Practice the real knowledge - Scratch integrated ip agent (take Abu cloud as an example)

I. Preface

There is a project that needs to crawl the Securities Association, and the other party has ip shielding. So I need to realize the ip automatic switch in the scratch to complete the crawling task.

Before that, I have used the third-party library, namely, scrapy proxys plus the proxy api interface of sesame ip.
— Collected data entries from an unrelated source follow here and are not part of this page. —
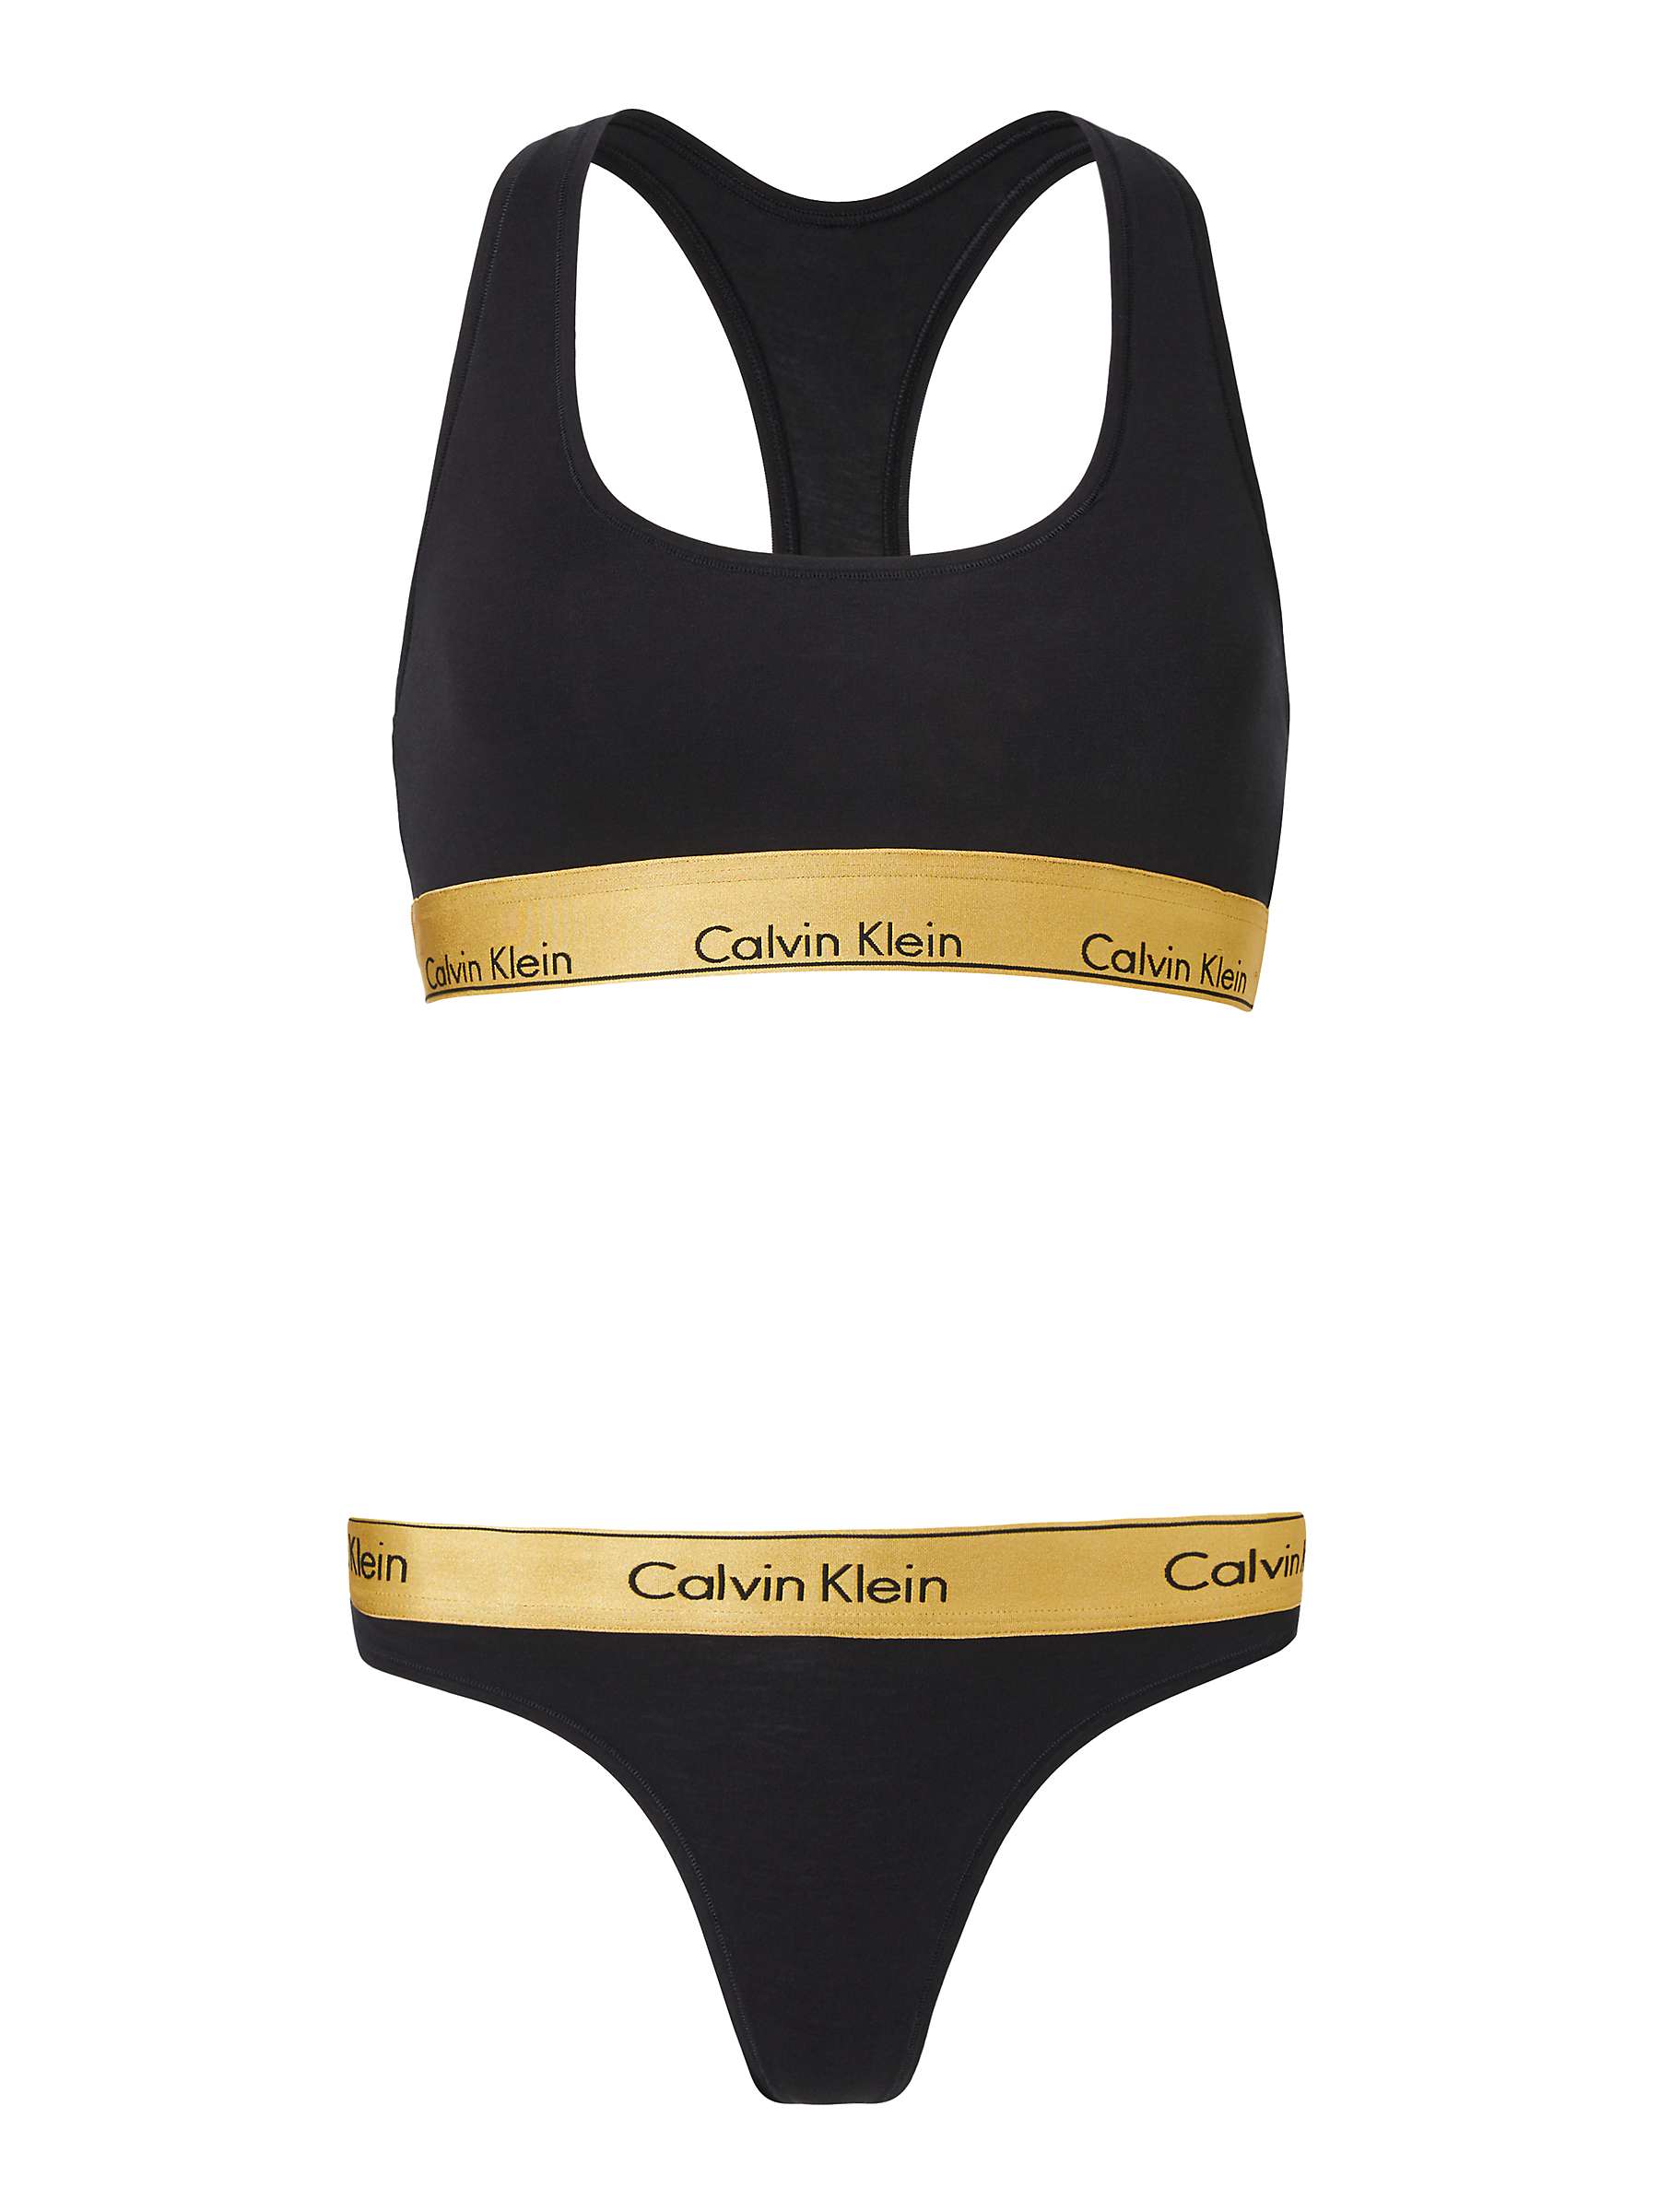 Calvin Klein Underwear Modern Cotton Bralette & Thong Set, Black/Gold ...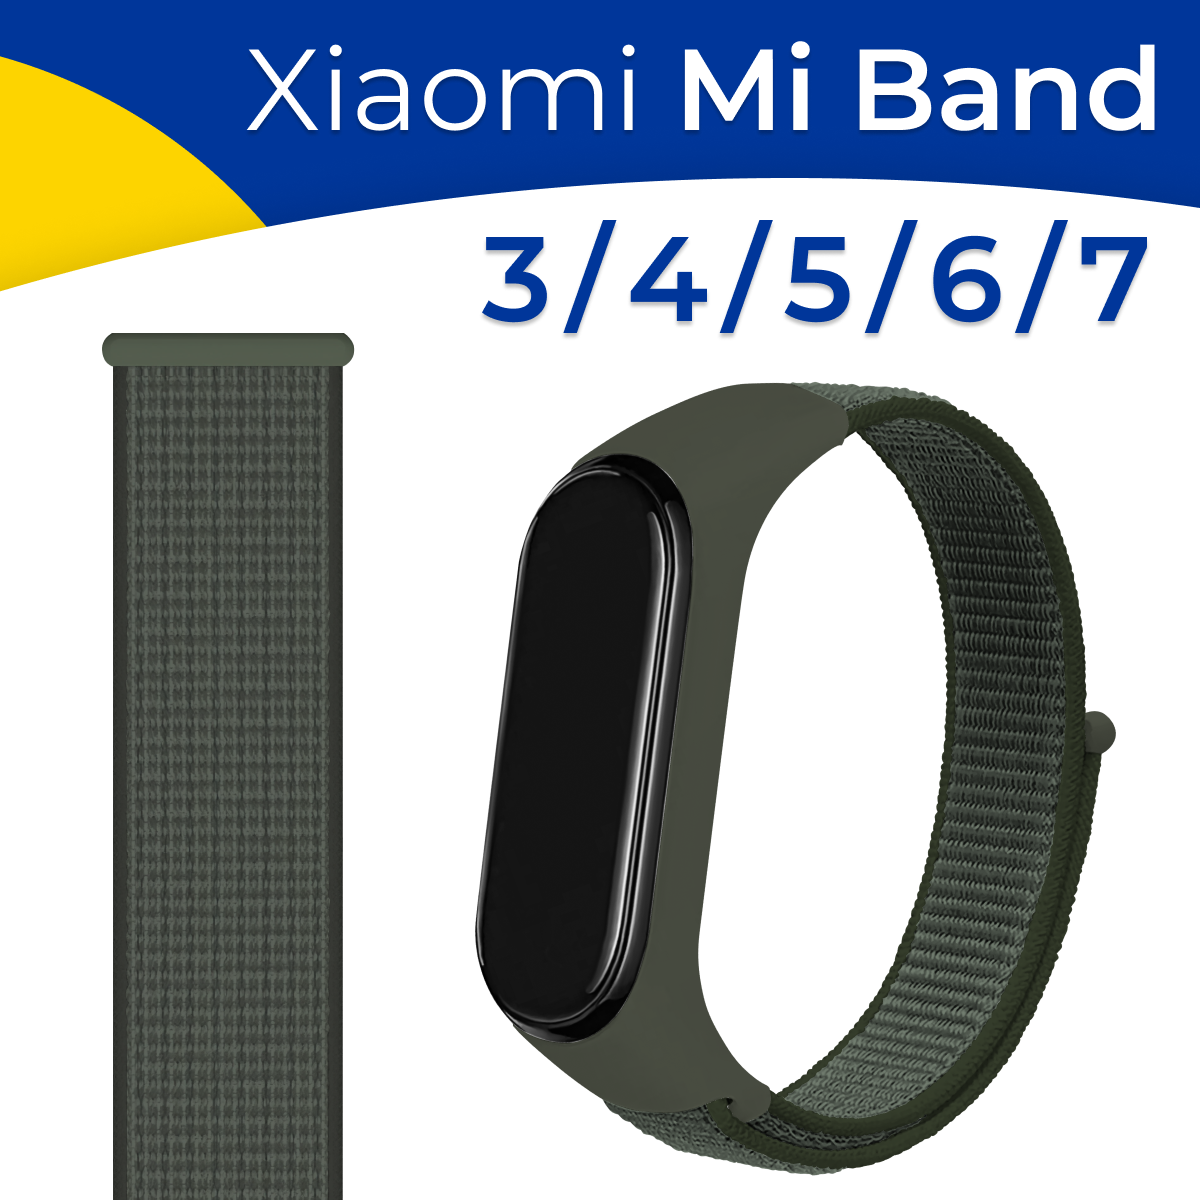 Нейлоновый ремешок для Xiaomi Mi Band 3 Mi Band 4 Mi Band 5 Mi Band 6 и Mi Band 7 / Синий браслет для смарт часов Сяоми Ми Бэнд 3 4 5 6 и 7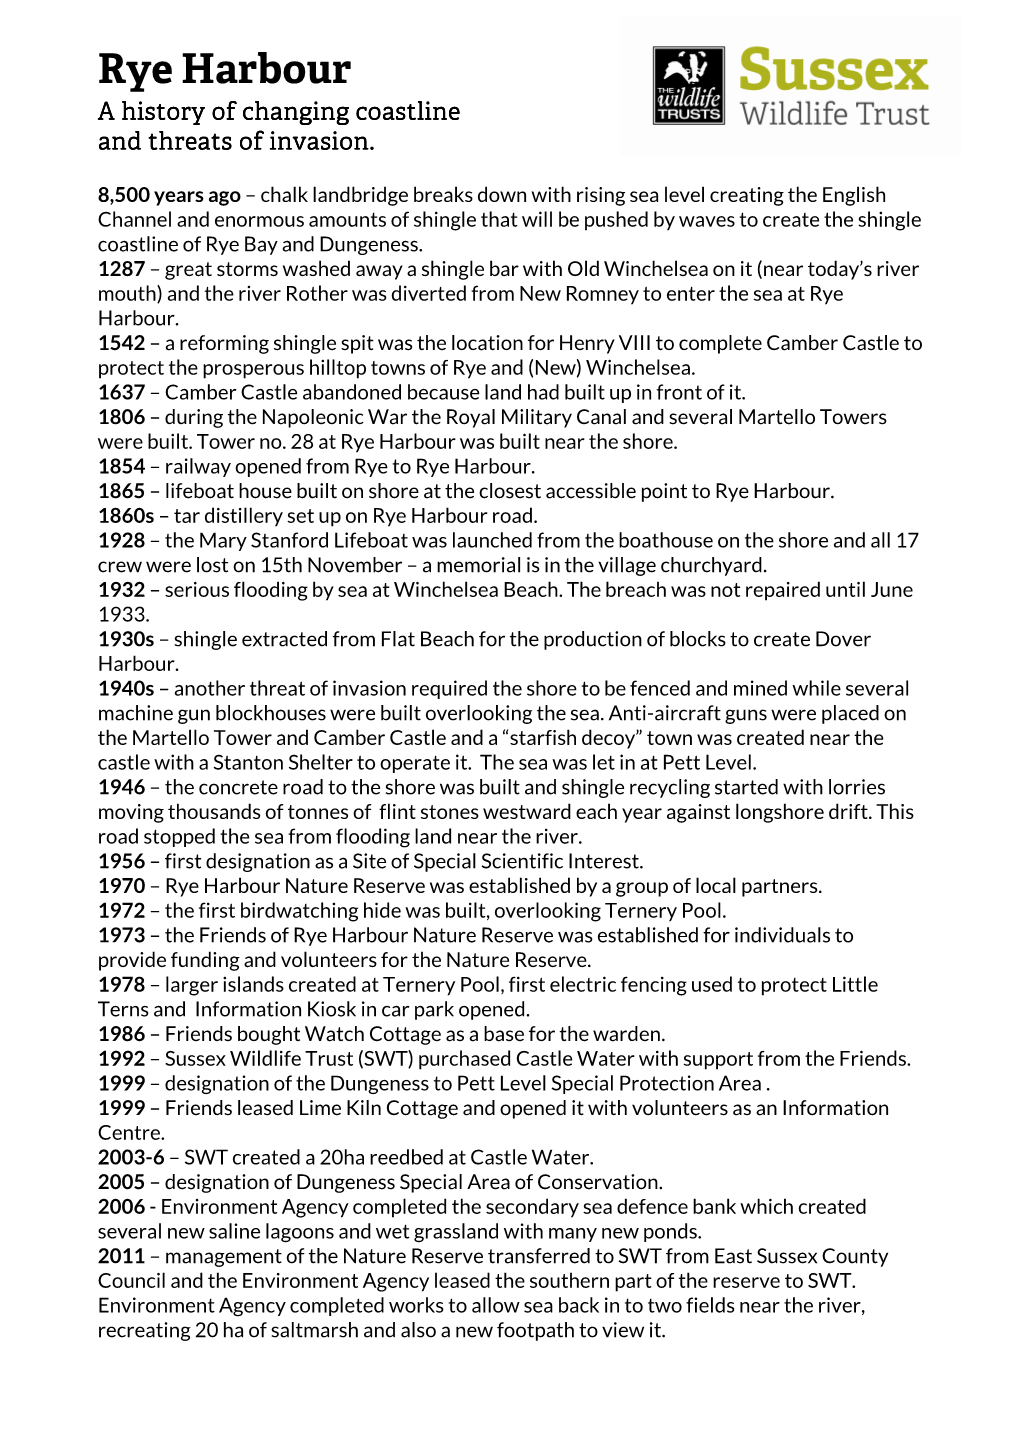 Rye Harbour Timeline

Maybe the previous code has not been adjusted well, resulting in the failure to succeed. (there will be a chance to test later).

2, Abu cloud example

Abu cloud officially gave python and scrape's Sample code

Python 3 example

from urllib import request

    # Target page to visit
    targetUrl = ""

    # proxy server 
    proxyHost = ""
    proxyPort = "9020"

    # Proxy tunnel validation information
    proxyUser = "H01234567890123D"
    proxyPass = "0123456789012345"

    proxyMeta = "http://%(user)s:%(pass)s@%(host)s:%(port)s" % {
        "host" : proxyHost,
        "port" : proxyPort,
        "user" : proxyUser,
        "pass" : proxyPass,

    proxy_handler = request.ProxyHandler({
        "http"  : proxyMeta,
        "https" : proxyMeta,

    #auth = request.HTTPBasicAuthHandler()
    #opener = request.build_opener(proxy_handler, auth, request.HTTPHandler)

    opener = request.build_opener(proxy_handler)

    resp = request.urlopen(targetUrl).read()

    print (resp)                        

The above is the native writing method, and the following is the middleware writing method of scrapy

scrapy Middleware

 import base64

    # proxy server 
    proxyServer = ""

    # Proxy tunnel validation information
    proxyUser = "H01234567890123D"
    proxyPass = "0123456789012345"

    # for Python2
    proxyAuth = "Basic " + base64.b64encode(proxyUser + ":" + proxyPass)

    # for Python3
    #proxyAuth = "Basic " + base64.urlsafe_b64encode(bytes((proxyUser + ":" + proxyPass), "ascii")).decode("utf8")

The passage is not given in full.